Behavioral analytics
Active environments
While rule-based video analytics
worked economically and reliably for many security applications there
are many situations in which it cannot work. For an indoor or outdoor
area where no one belongs during certain times of day, for example
overnight, or for areas where no one belongs at any time such as a cell
tower, traditional rule-based analytics are perfectly appropriate.
In the example of a cell tower the
rare time that a service technician may need to access the area would
simply require calling in with a pass-code to put the monitoring
response “on test” or inactivated for the brief time the authorized
person was there.
But there are many security needs in
active environments in which hundreds or thousands of people belong all
over the place all the time. For example, a college campus, an active
factory, a hospital or any active operating facility. It is not possible
to set rules that would discriminate between legitimate people and
criminals or wrong-doers.
Overcoming the problem of active environments
Using behavioral analytics, a
self-learning, non-rule-based A.I. takes the data from video cameras and
continuously classifies objects and events that it sees. For example, a
person crossing a street is one classification. A group of people is
another classification. A vehicle is one classification, but with
continued learning a public bus would be discriminated from a small
truck and that from a motorcycle. With increasing sophistication, the
system recognizes patterns in human behavior.
For example, it might observe that
individuals pass through a controlled access door one at a time. The
door opens, the person presents their proximity card or tag, the person
passes through and the door closes. This pattern of activity, observed
repeatedly, forms a basis for what is normal in the view of the camera
observing that scene.
Now if an authorized person opens the
door but a second “tail-gating” unauthorized person grabs the door
before it closes and passes through, that is the sort of anomaly that
would create an alert. This type of analysis is much more complex than
the rule-based analytics. While the rule-based analytics work mainly to
detect intruders into areas where no one is normally present at defined
times of day, the behavioral analytics works where people are active to
detect things that are out of the ordinary.
A fire breaking out outdoors would be
an unusual event and would cause an alert, as would a rising cloud of
smoke. Vehicles driving the wrong way into a one-way driveway would also
typify the type of event that has a strong visual signature and would
deviate from the repeatedly observed pattern of vehicles driving the
correct one-way in the lane. Someone thrown to the ground by an attacker
would be an unusual event that would likely cause an alert. This is
situation-specific. So if the camera viewed a gymnasium where wrestling
was practiced the A.I. would learn it is usual for one human to throw
another to the ground, in which case it would not alert on this
observation.
What the artificial intelligence ‘understands’

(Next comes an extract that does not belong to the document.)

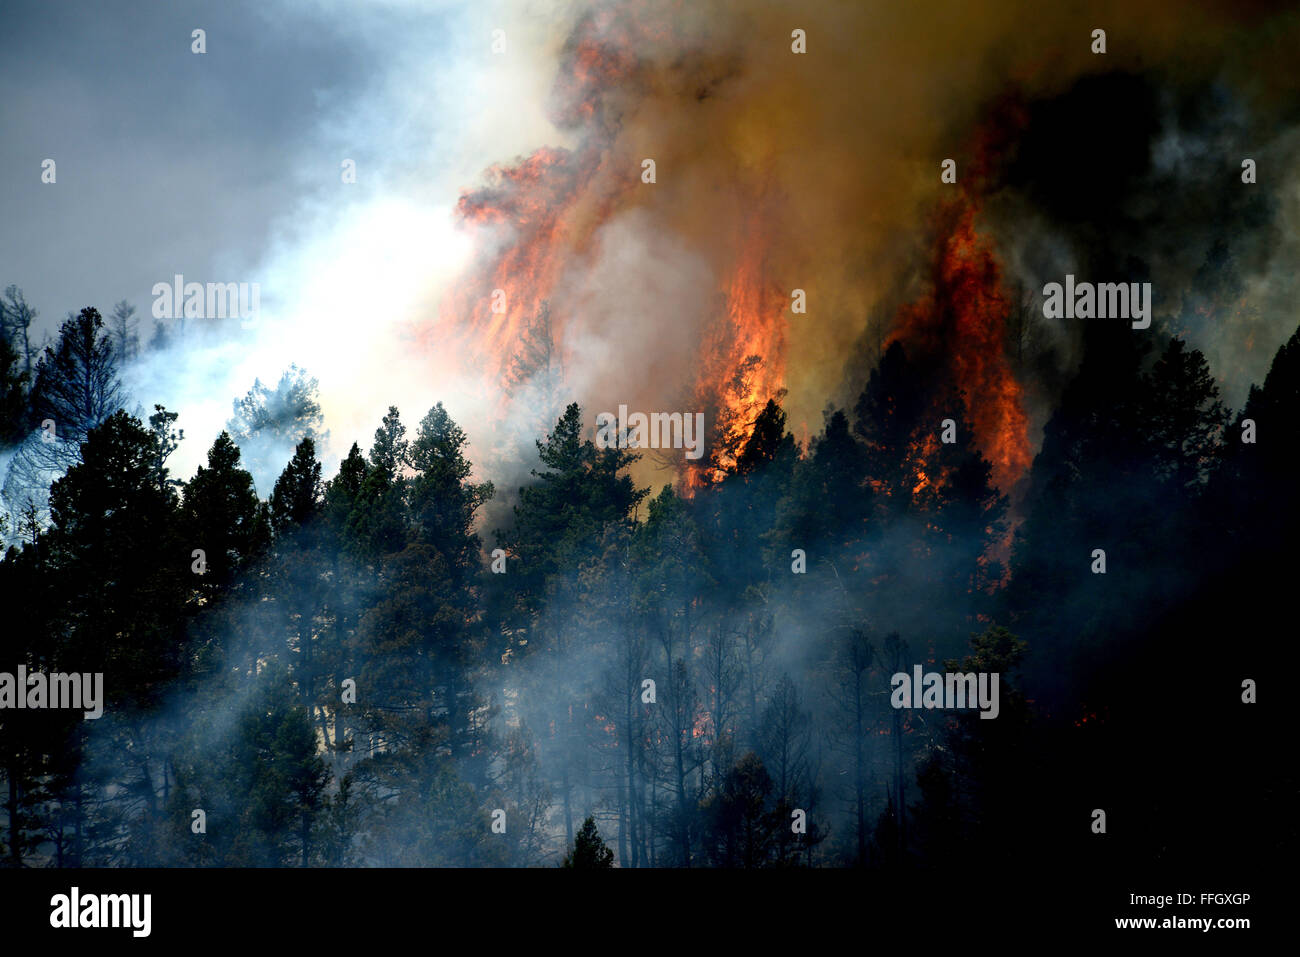 Flames tower over the tree line in the Mount St. Francis area of Colorado Springs, Colo. Air Force and civilian firefighters battled several fires in Waldo Canyon. The fire had grown to more than 18,500 acres and burned more than 300 homes. Stock Photo

The A.I. does not know or understand
what a human is, or a fire, or a vehicle. It is simply finding
characteristics of these things based on their size, shape, color,
reflectivity, angle, orientation, motion, and so on. It then finds that
the objects it has classified have typical patterns of behavior.
For example, humans walk on sidewalks
and sometimes on streets but they don’t climb up the sides of buildings
very often. Vehicles drive on streets but don’t drive on sidewalks. Thus
the anomalous behavior of someone scaling a building or a vehicle
veering onto a sidewalk would trigger an alert.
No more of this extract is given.